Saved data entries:
- Opening Delimiter -

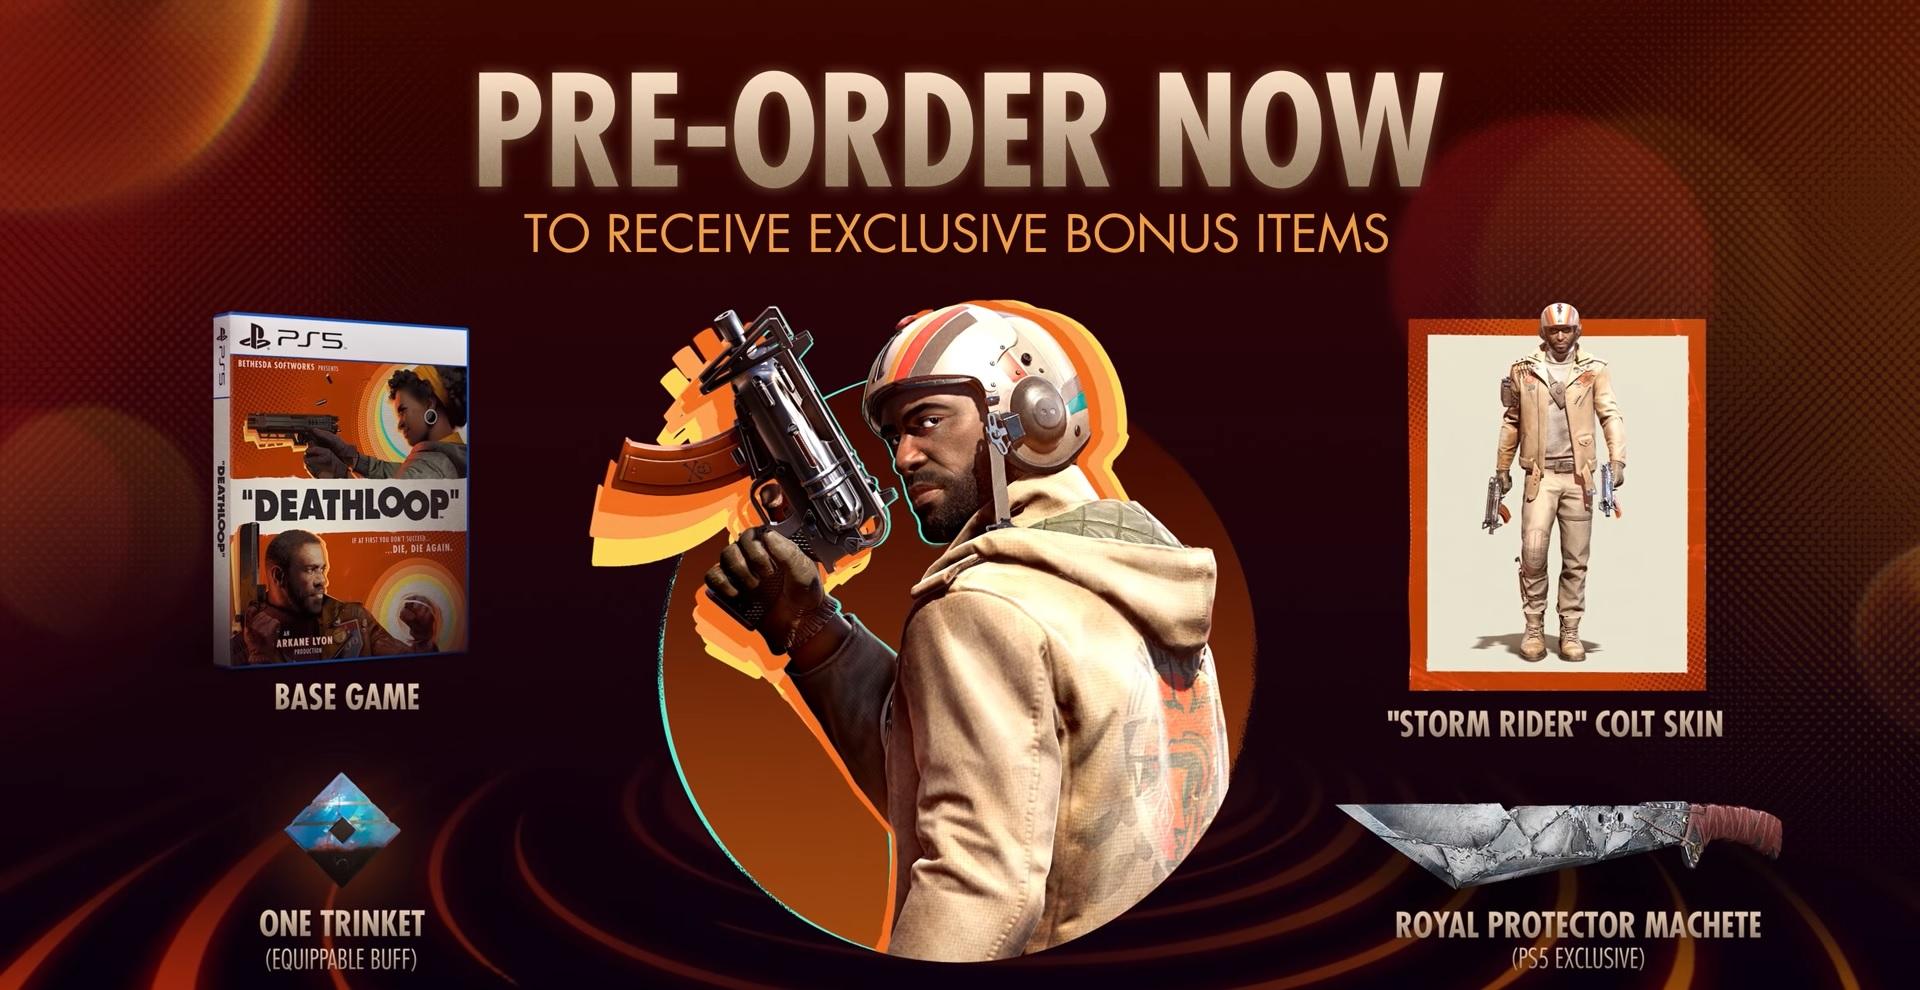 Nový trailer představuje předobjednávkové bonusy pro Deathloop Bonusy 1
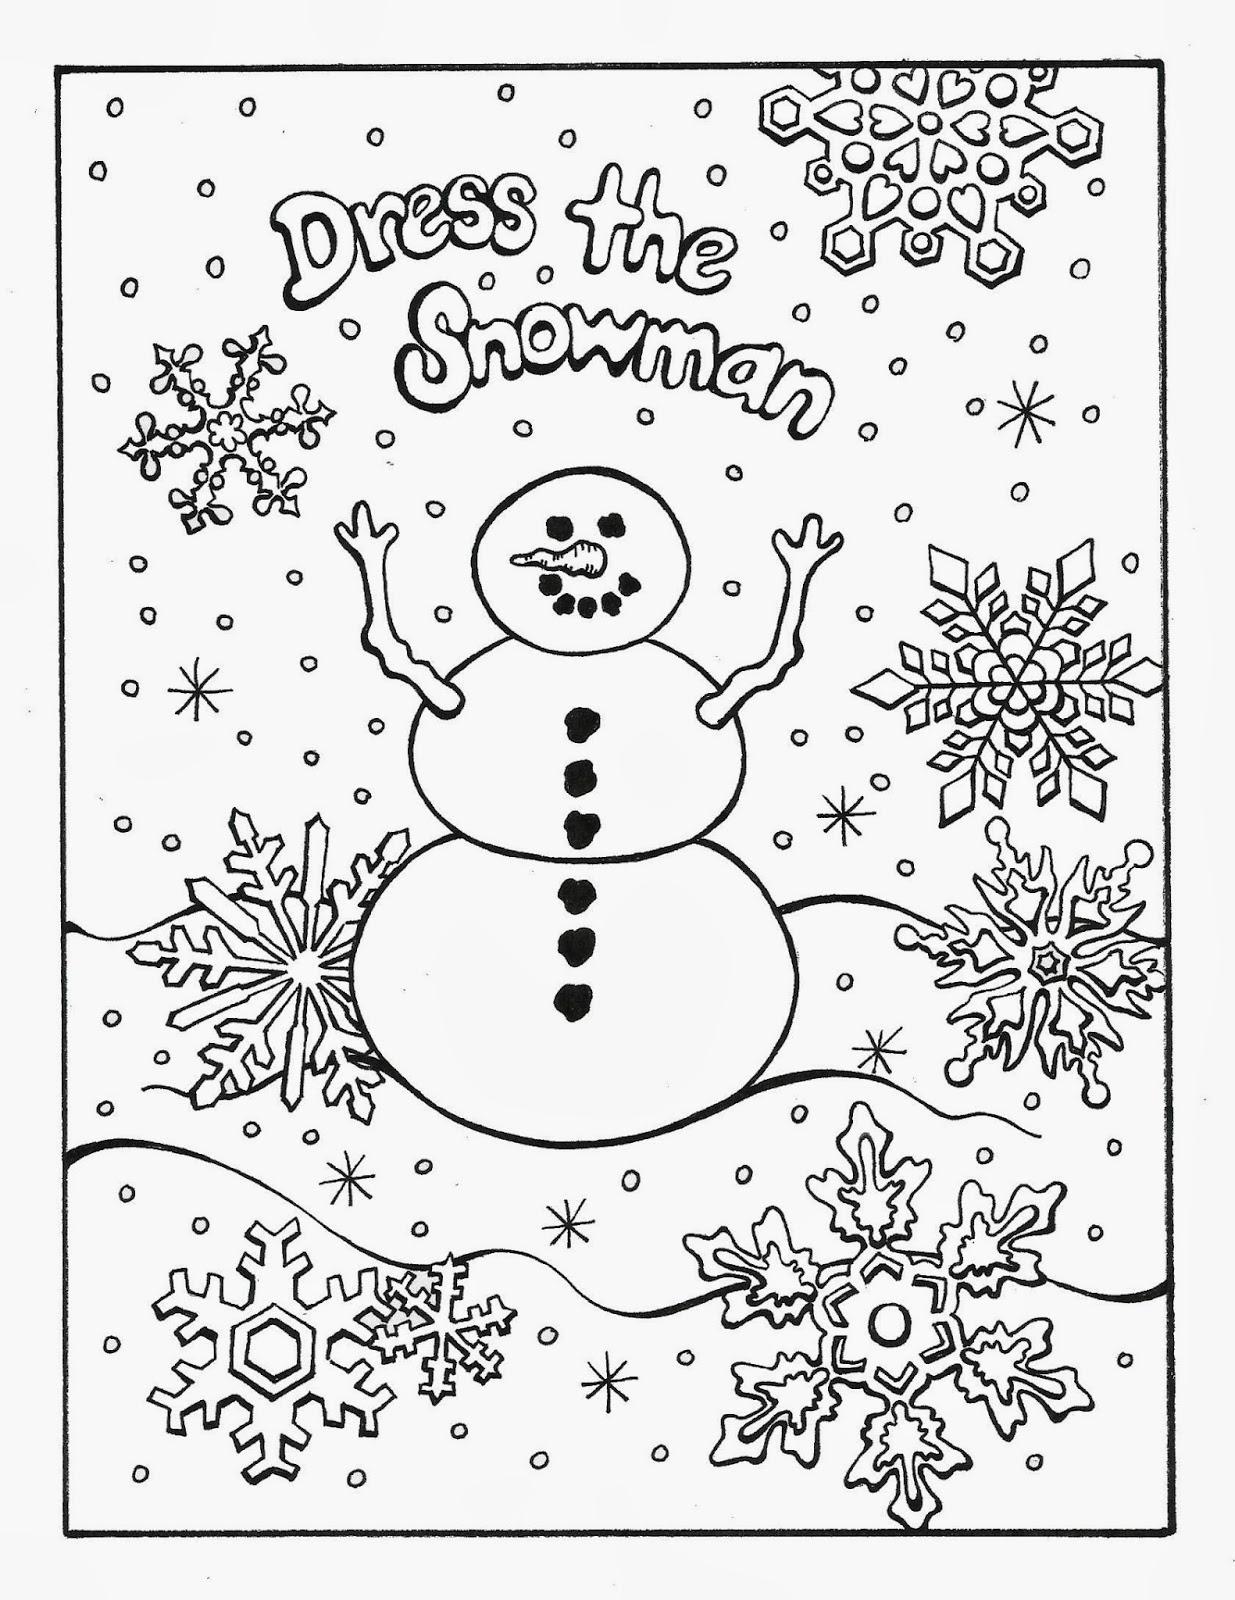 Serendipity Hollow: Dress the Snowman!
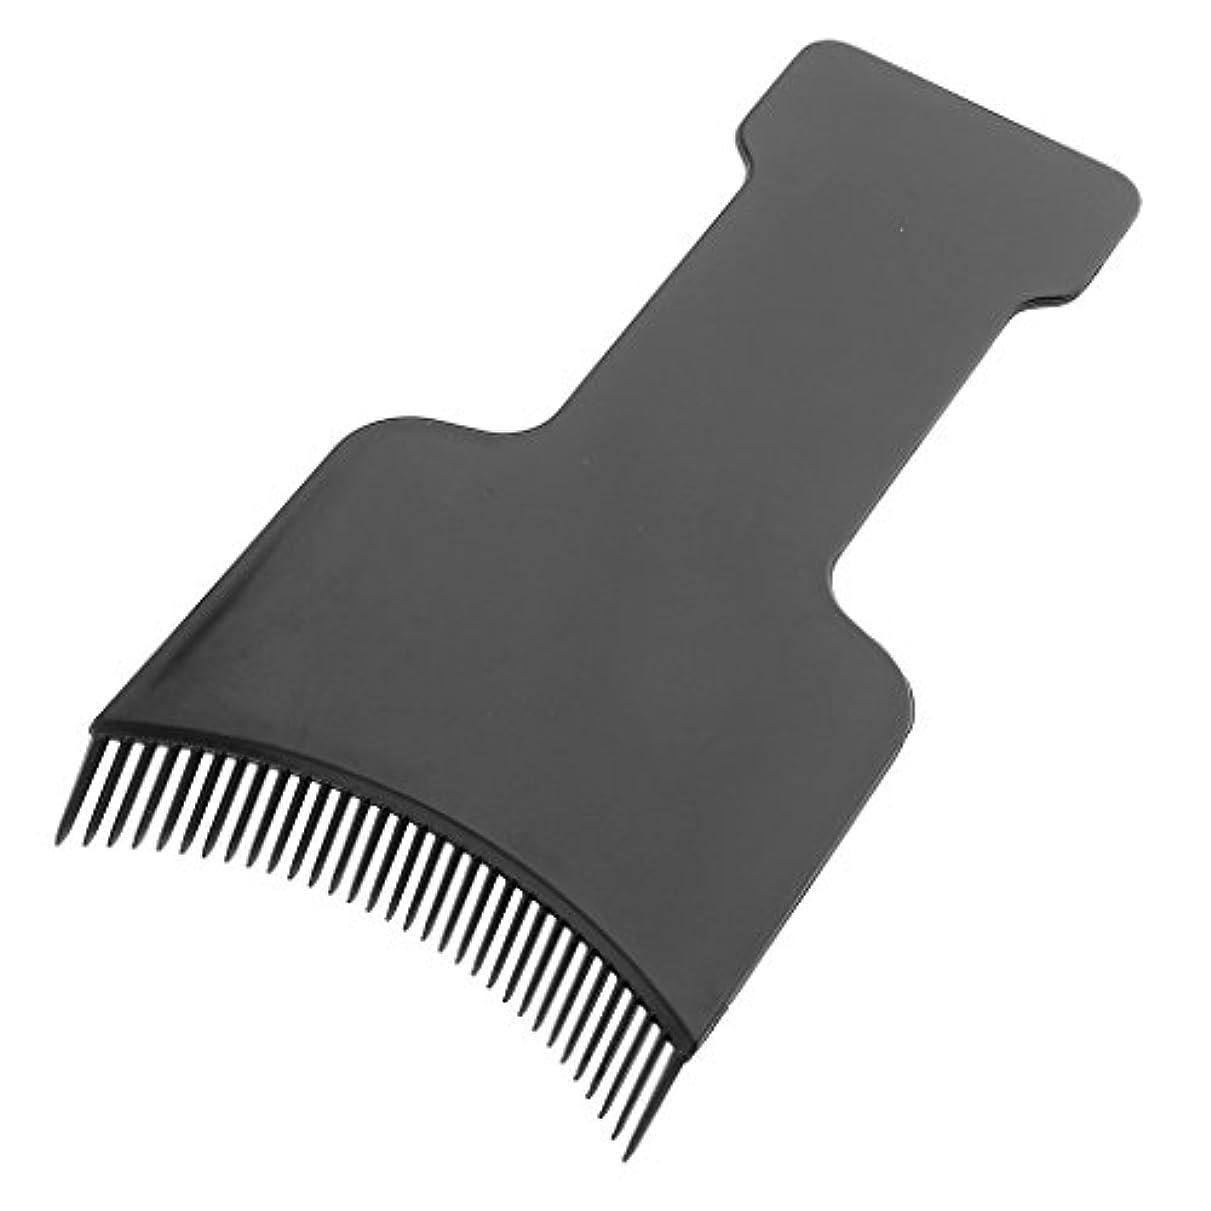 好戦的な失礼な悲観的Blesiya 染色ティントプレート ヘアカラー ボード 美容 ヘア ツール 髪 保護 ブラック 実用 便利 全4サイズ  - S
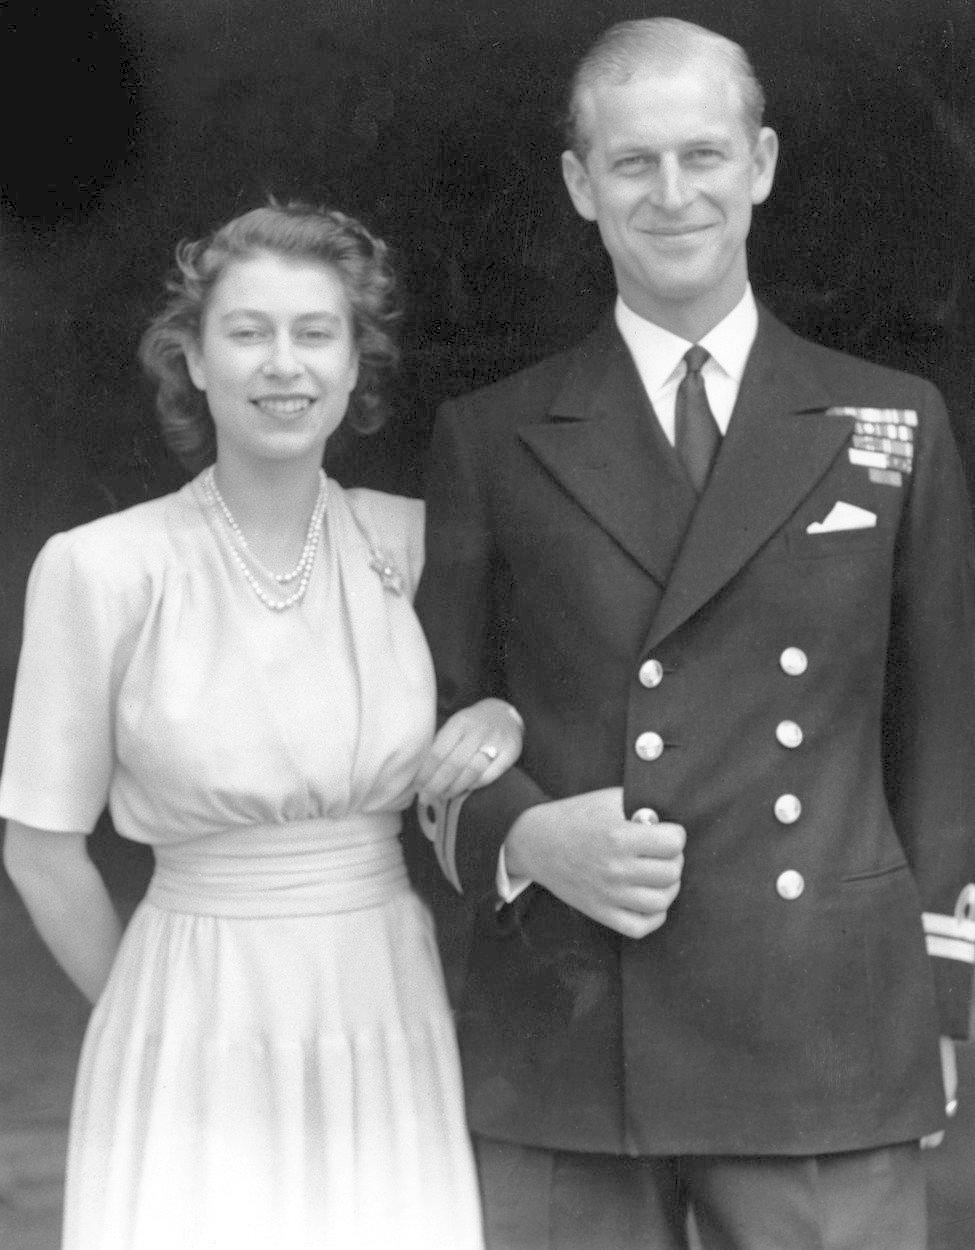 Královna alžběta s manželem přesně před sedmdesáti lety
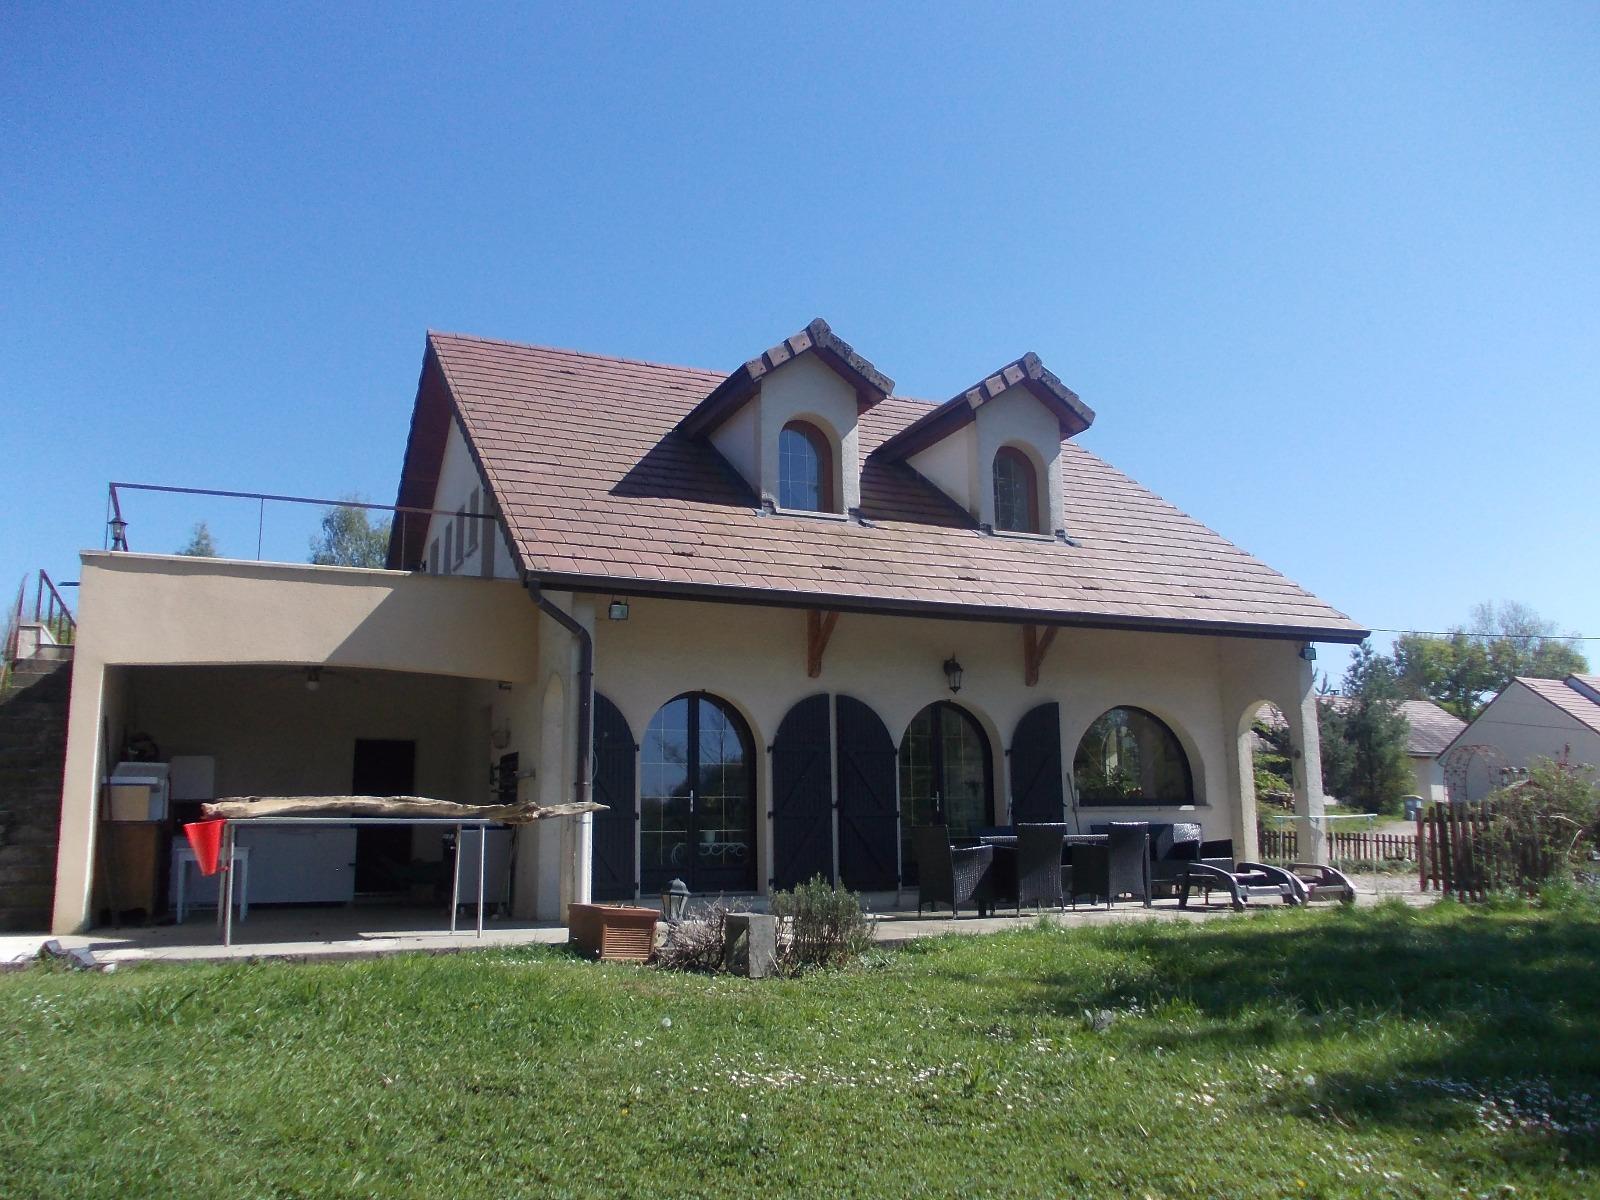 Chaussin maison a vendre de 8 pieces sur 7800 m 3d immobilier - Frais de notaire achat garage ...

- Closing Delimiter -

## [Problem statement]
Without the pictures, give all the records above again exactly.

## [Exercise result]
 Nový trailer představuje předobjednávkové bonusy pro Deathloop Bonusy 1
 Serendipity Hollow: Dress the Snowman!
 好戦的な失礼な悲観的Blesiya 染色ティントプレート ヘアカラー ボード 美容 ヘア ツール 髪 保護 ブラック 実用 便利 全4サイズ  - S
 Královna alžběta s manželem přesně před sedmdesáti lety
 Chaussin maison a vendre de 8 pieces sur 7800 m 3d immobilier - Frais de notaire achat garage ...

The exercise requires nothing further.